Ringfort (Rath), Parkplace, Co. Longford
Co. Longford |
Ringforts
In a field in County Longford, two very different monuments from two very different eras share the same patch of ground, one sitting inside the other.
A possible rath, the circular earthen enclosure once used in early medieval Ireland as a farmstead or family compound, still traces a rough ring across the pasture at Parkplace, its low bank of earth and stone running for most of its circumference. In the middle of it, occupying what would once have been the enclosed domestic space, sits a motte, the steep flat-topped mound built by Anglo-Norman settlers as the foundation for a timber castle. The combination is not unique in Ireland, but it is always quietly telling.

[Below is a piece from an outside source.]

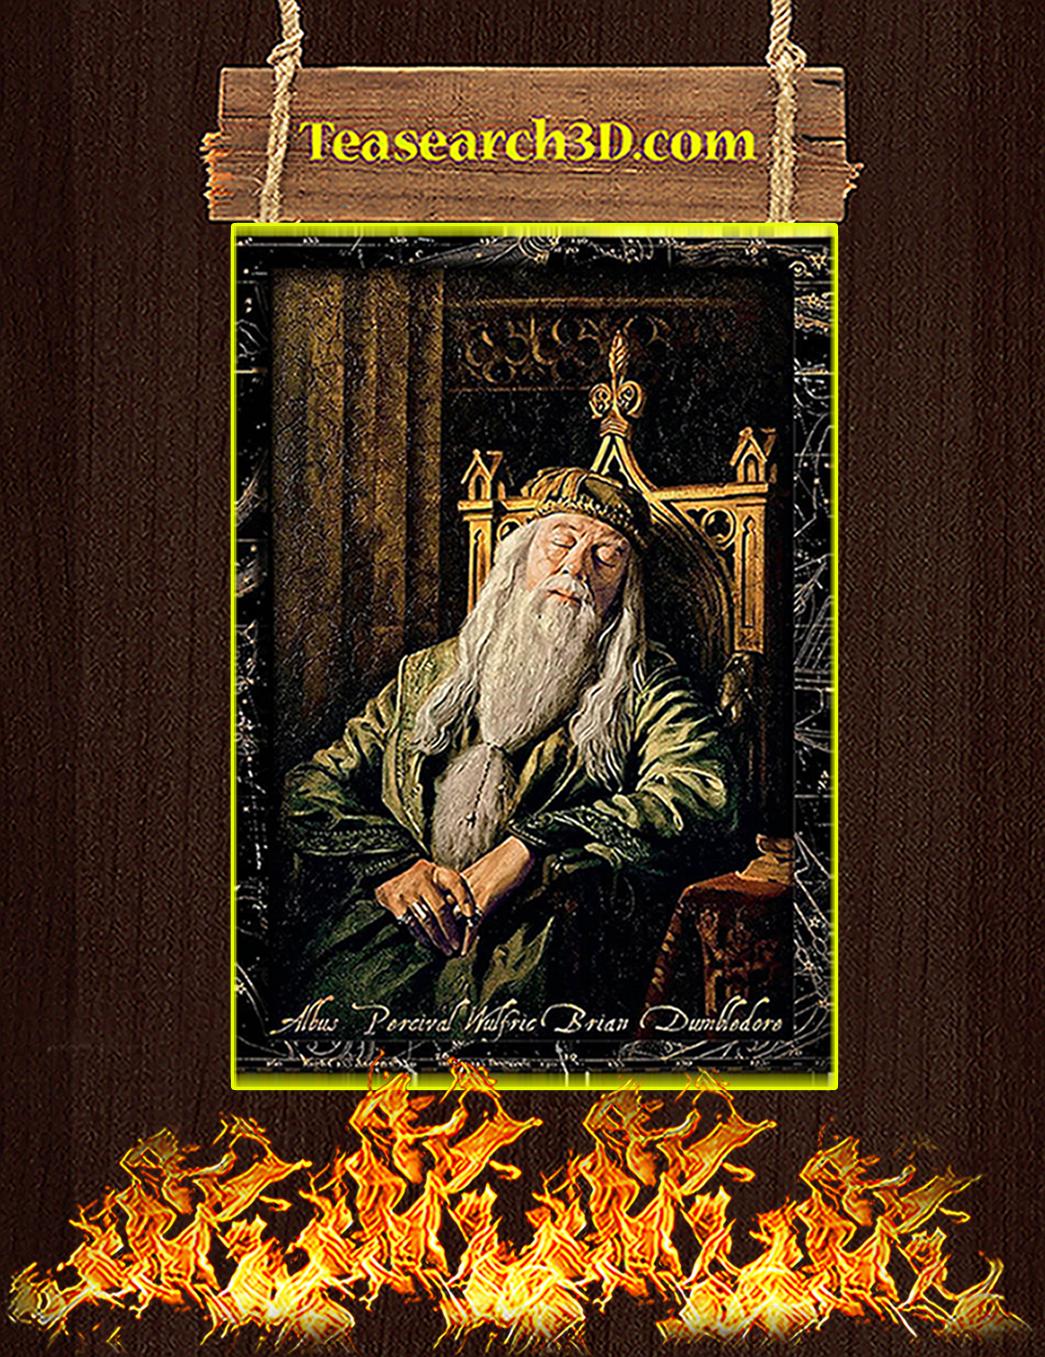 Albus percival wulfric brian dumbledore sleeping poster A1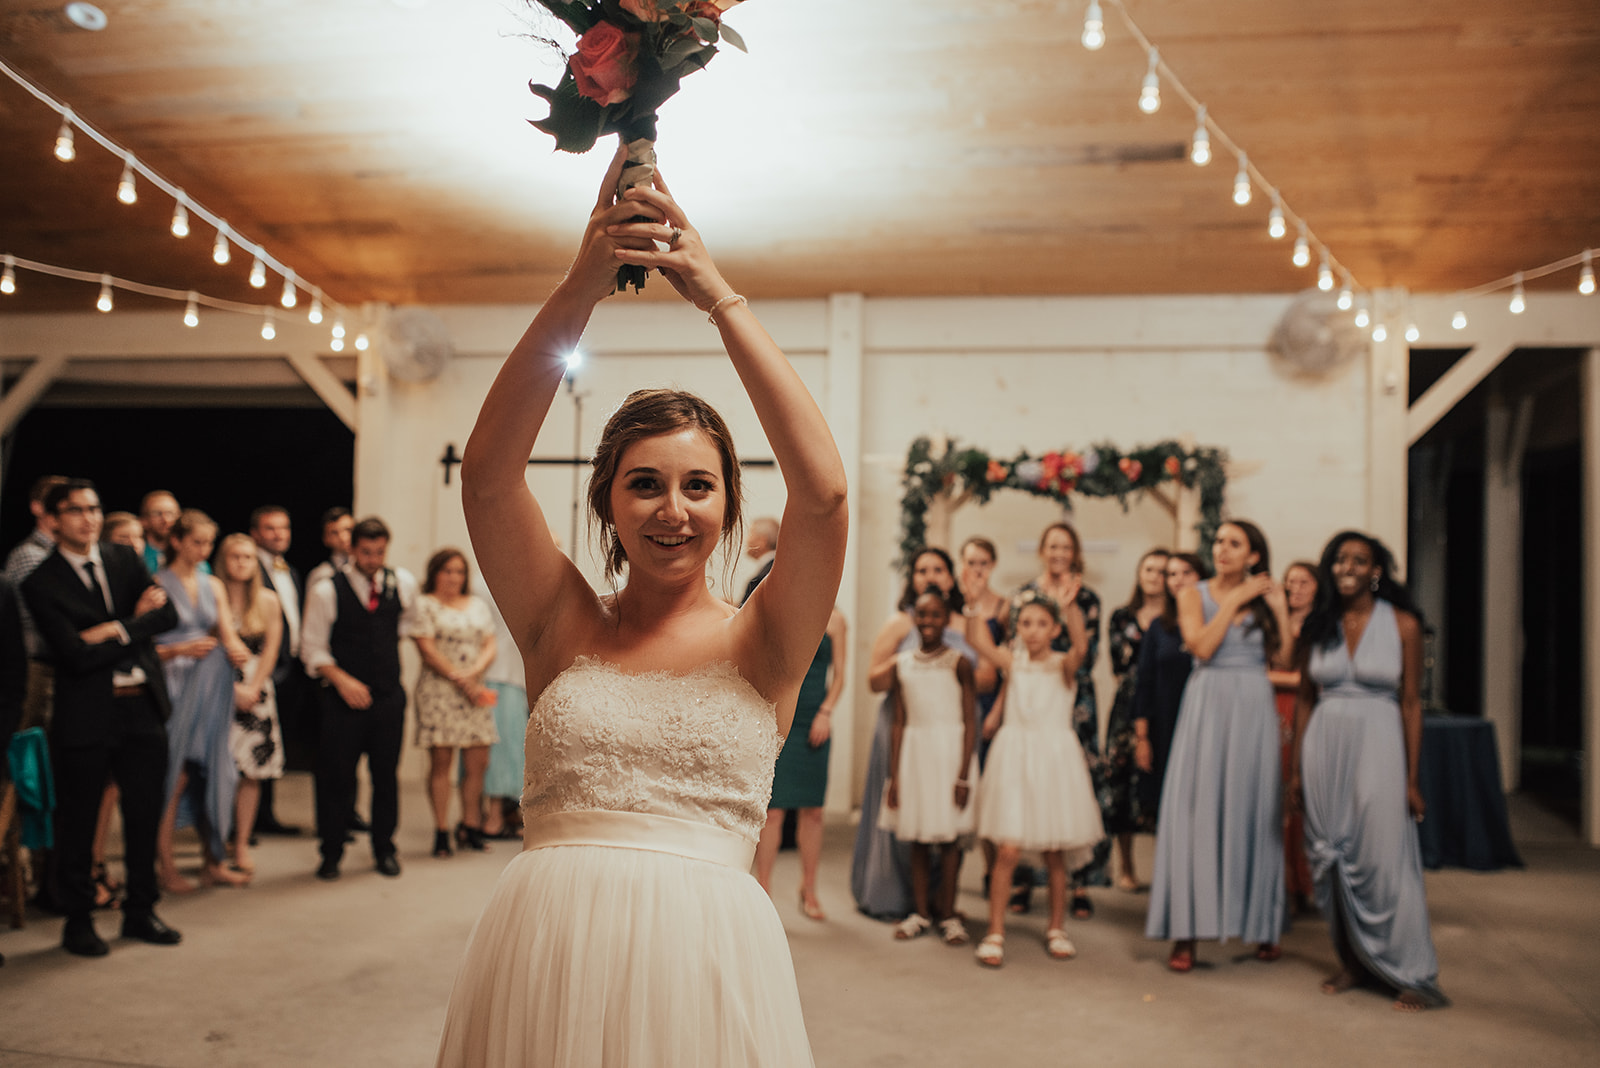 Richmond Wedding By SB Photographs5151510510051.jpg

The rath itself measures approximately 65 metres in diameter, with a bank around 3.9 metres wide and just 0.6 metres high, modest dimensions even by the standards of a monument class that was never built to impress from a distance. At its outer base runs a waterlogged depression, between 5.3 and 8 metres wide and up to 0.75 metres deep, which would once have functioned as a fosse or external ditch. A significant stretch of the bank, from the north-north-east around through east to the south-south-east, has been lost to the construction of modern field boundaries, which speaks to the slow, undramatic way that many such sites are diminished over time. The motte occupying the interior suggests that when the Normans arrived and chose this location, they recognised something useful about it, perhaps its elevation, its existing prominence in the landscape, or simply the convenience of a pre-existing earthwork they could adapt to their own purposes.